An administrative complaint was filed against Wahba’s New York license 21 days later, Sept. 3, 2019. It charged Wahba with “moral unfitness; gross negligence; gross incompetence; negligence on more than one occasion; incompetence on more than one occasion and failing to maintain accurate patient medical records.”

The New York administrative complaint says Wahba strayed from proper medical practices with seven patients, mostly from 2014 through 2018. Two of the patients were married. Most of the doctor-patient relationships lasted less than two years, although one was 6 1/2 years, and Wahba treated another patient from 2001 through 2016.

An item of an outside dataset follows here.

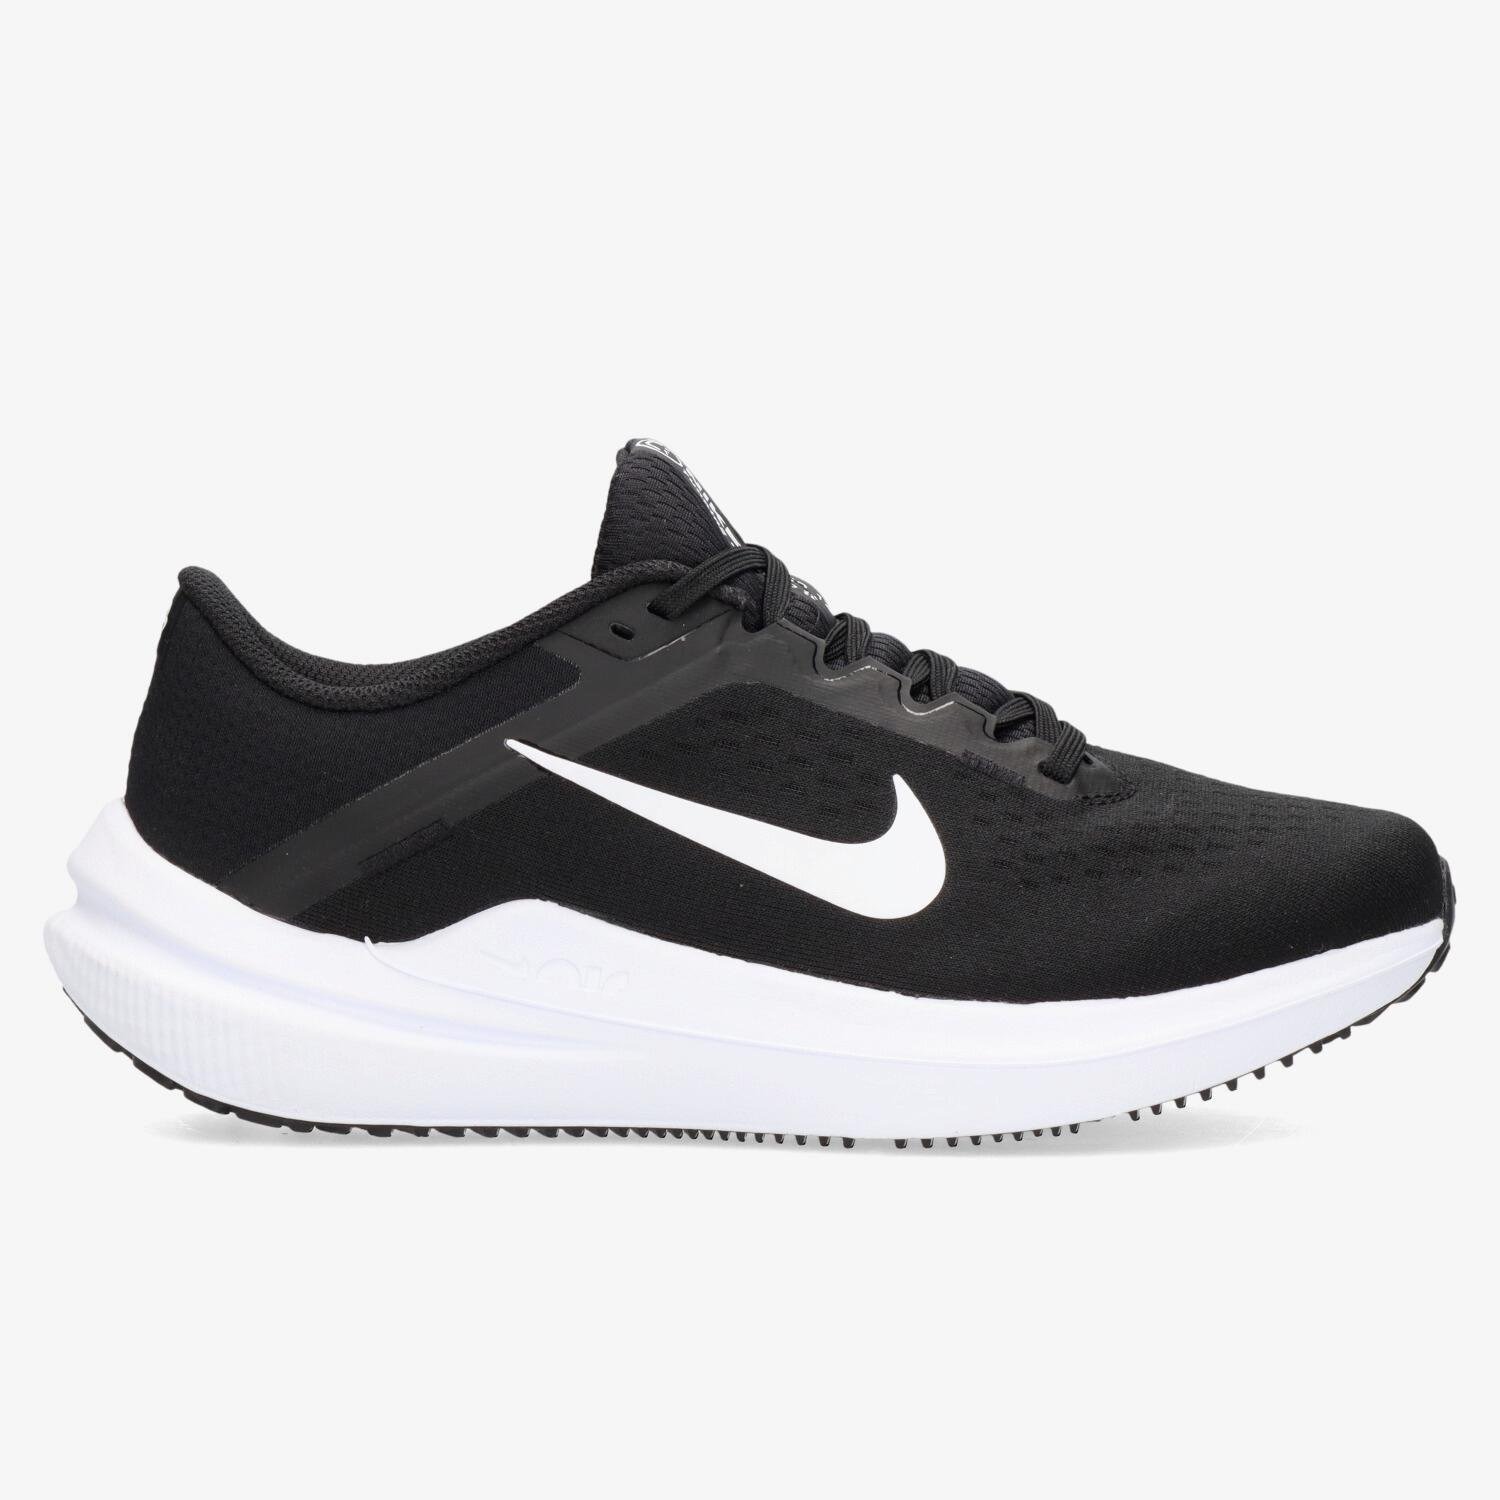 Nike Nike air winflo 10 hardloopschoenen zwart/wit dames dames

Though the listed ethical violation allegations vary from patient to patient, each list says Wahba failed to have an “appropriate medical rationale” for prescribing “controlled substance medications with high-risk for misuse.”

Those substances include Adderall, antipsychotic drug Orap, opioid buprenorphine and anti-anxiety drugs Klonopin and Xanax.

Accusations of bad behavior with a patient to whom Wahba allegedly prescribed Adderall and Xanax without reason and “engaging in an inappropriate, sexualized relationship.”

Wahba responded by surrendering his license on Dec. 18, 2019. His letter requesting permission to surrender said: “I assert that I cannot successfully defend against at least one of the acts of misconduct alleged in full satisfaction of the charges against me.”